Description
Q1: Self-organizing map analysis of thermal conductivity dataset
The following code SOM-HexagonalTopology.py apply SOM unsupervised clustering to our
thermal conductivity dataset and shows the cluster map, and maps the data samples to each of
the clusters with colors showing its 1 out of 10 grades corresponding to their percentiles.
(1) Add your code from line 99, so that your SOM map can show different colors for
samples of different thermal conductivity grade (from 0 to 9, corresponding to their
percentile).
Hint: this function from scipy which can calculate the percentile of a value in a list of
numbers
from scipy import stats
print(stats.percentileofscore(target, 500))
You need to install the minisom by: pip3 install minisom
https://github.com/JustGlowing/minisom more info.
(2) If possible, try to fix the legend bar so that the color show the range of thermal
conductivity values. (optional, bonus points: 10)

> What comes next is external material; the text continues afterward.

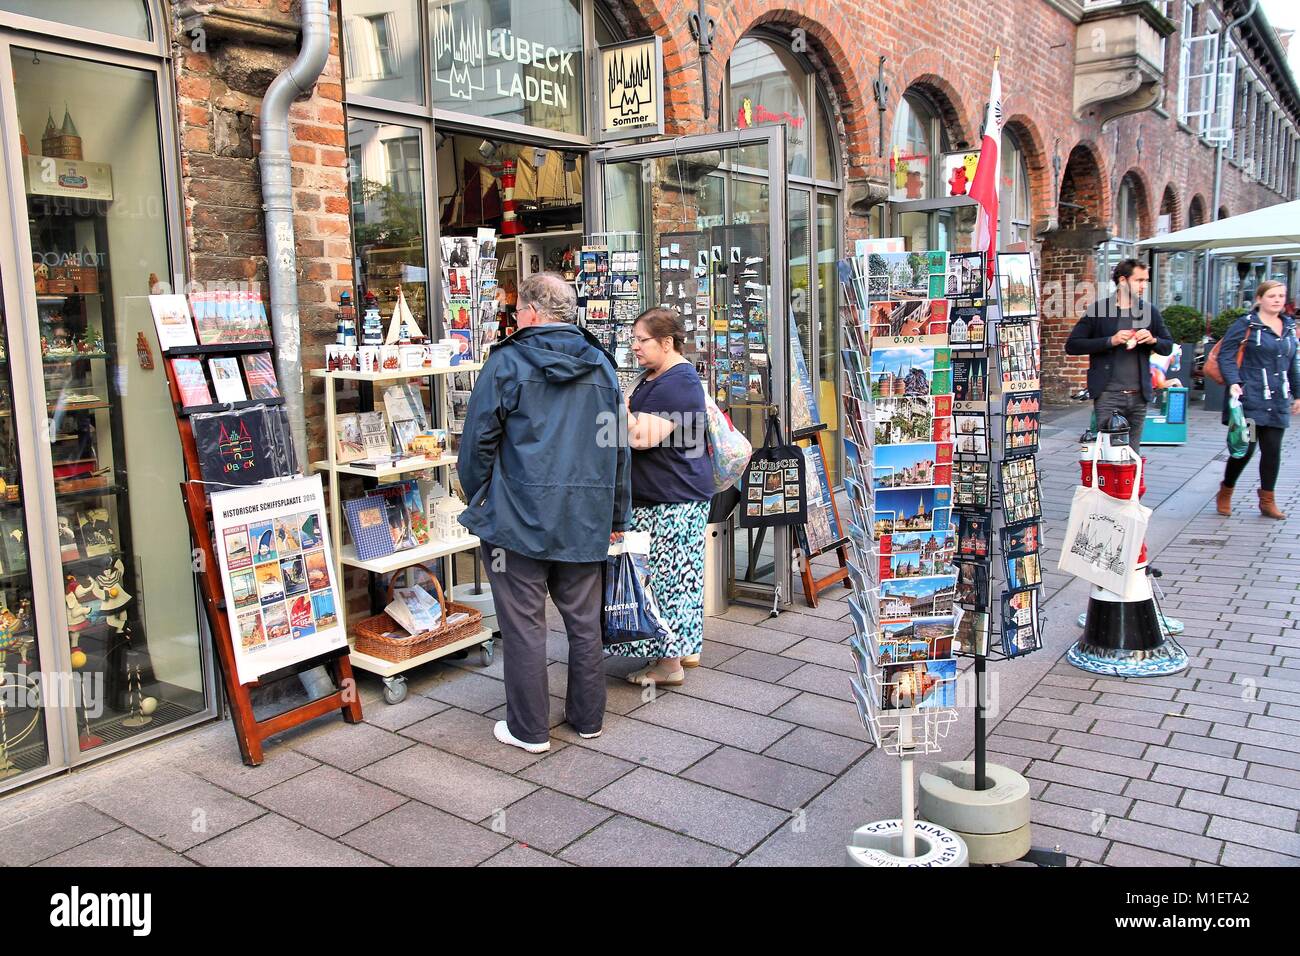 LUBECK, GERMANY - AUGUST 29, 2014: People buy souvenirs in Lubeck, Germany. Lubeck is the 2nd largest city in Schleswig-Holstein region. Its old town  Stock Photo

Q2: Genetic programming for symbolic regression
Study this fastsr symbolic regression package
https://github.com/cfusting/fast-symbolic-regression
read the thermal_dataset.csv file, use all the numeric columns except the y-exp and y-theory
columns as the X_train, use the y-exp as the y_train
train a symbolic regression model for this dataset
print out the final regression score
print out the formula of the best individual
plot the final regression scatter plot.